Hello - Sounds like you might have a soft battery or two. You can measure the voltage across each battery and see if one or more is drooping under load. Ideally they should not dip more that 2 volts. (I have run some into the ground.) See if you have a battery that drops voltage much quicker than the rest. That is the weak link that will bring down the pack. Beware. He can be a bad influence. You don't want to see what happens when batteries go bad. - crw


----------



## GerhardRP (Nov 17, 2009)

GerhardRP said:


> Hi Dan,
> I got your data dump.
> My first guess is that the Peukert effect is robbing your amp-hes.
> Do you have specs on the batteries re: amp-hrs [or model number or physical size.]
> Gerhard


Found this EVDL post with the battery info.
http://www.diyelectriccar.com/forums/showthread.php/evdl-official-energizer-battery-specs-11150.html
Using the numbers here, the Peukert exponent works out to 1.28.
With the current shown in your data dump to calculate capacity used accounting for the Peukert effect, you should be at 82% capacity after your 5 mile drive. The battery voltage agrees with that. [looks like a 100 degree day.]
If you drive to 50% DOD, your range should be 14.5 miles.
If you push to 70%, range could be 20 miles.
Gerhard


----------



## exchaoordo (Aug 4, 2010)

Thanks to everyone for the replies and especially Gerhard for running the numbers for me. I need to find time to do all the math and learn about Peukert. So it sounds like my best boost in range will come from improving the batteries.

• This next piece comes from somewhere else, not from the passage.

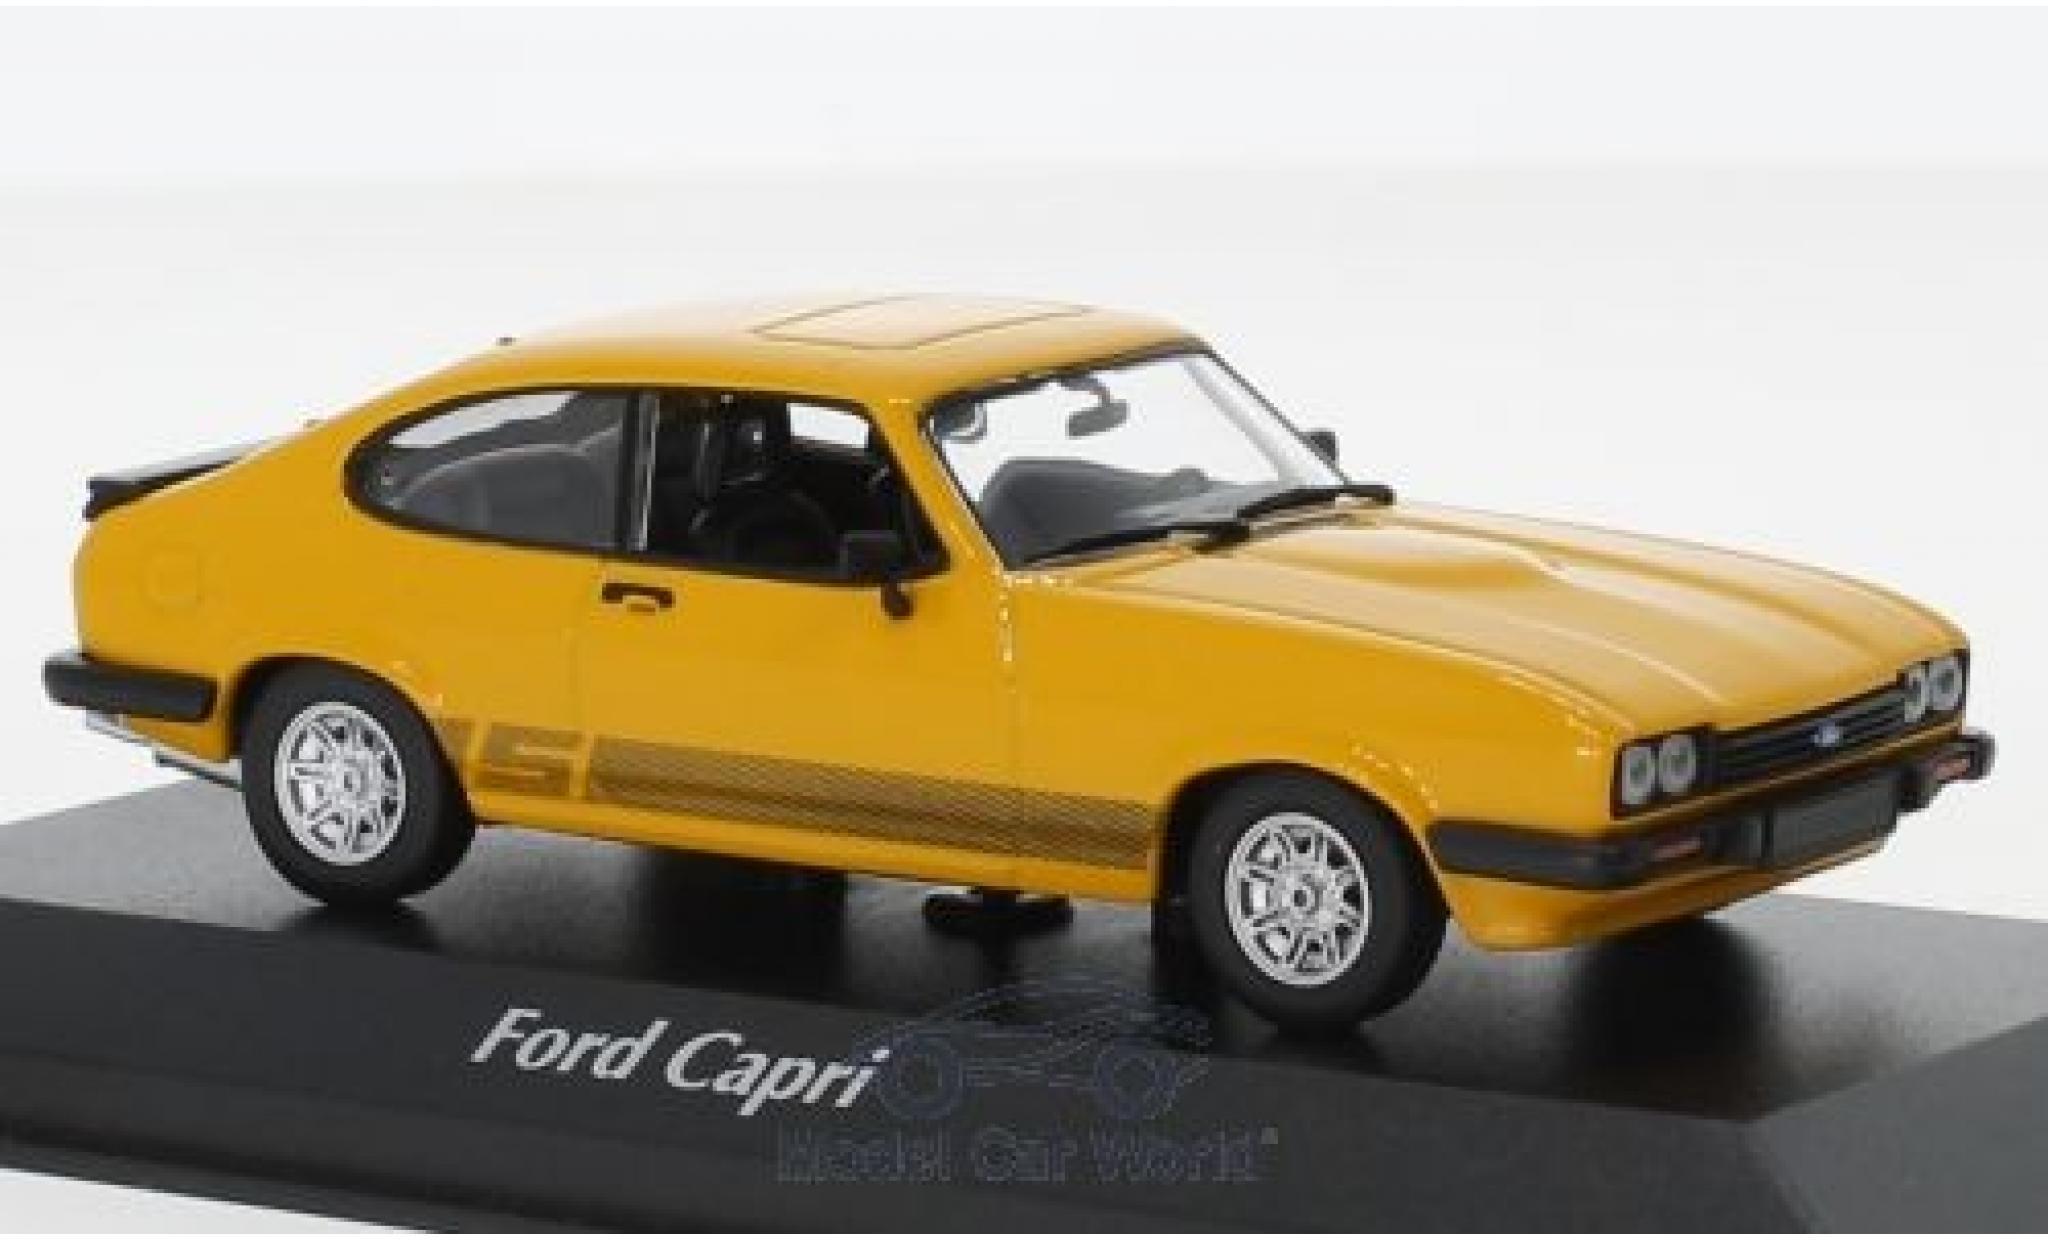 Ford Capri 1/43 Maxichamps MKIII 3.0 S jaune 1982

I guess I'll wait till these die. thanks to for the battery info, I had the same frustrations trying to find specs. 
-dan


GerhardRP said:


> Found this EVDL post with the battery info.
> http://www.diyelectriccar.com/forums/showthread.php/evdl-official-energizer-battery-specs-11150.html
> Using the numbers here, the Peukert exponent works out to 1.28.
> With the current shown in your data dump to calculate capacity used accounting for the Peukert effect, you should be at 82% capacity after your 5 mile drive. The battery voltage agrees with that. [looks like a 100 degree day.]
> ...


----------



## bagghist (Oct 8, 2010)

CRW said:


> Hello - Sounds like you might have a soft battery or two. You can measure the voltage across each battery and see if one or more is drooping under load. Ideally they should not dip more that 2 volts. (I have run some into the ground.) See if you have a battery that drops voltage much quicker than the rest. That is the weak link that will bring down the pack. Beware. He can be a bad influence. You don't want to see what happens when batteries go bad. - crw


CRW, I have a similar issue with my 72-V (6x12v) system. Can you clarify -- when you say 2 volt dip under load, do you mean compared to pre-load baseline or compared to the other batteries?


----------



## jockepocke (Nov 24, 2009)

bagghist said:


> CRW, I have a similar issue with my 72-V (6x12v) system. Can you clarify -- when you say 2 volt dip under load, do you mean compared to pre-load baseline or compared to the other batteries?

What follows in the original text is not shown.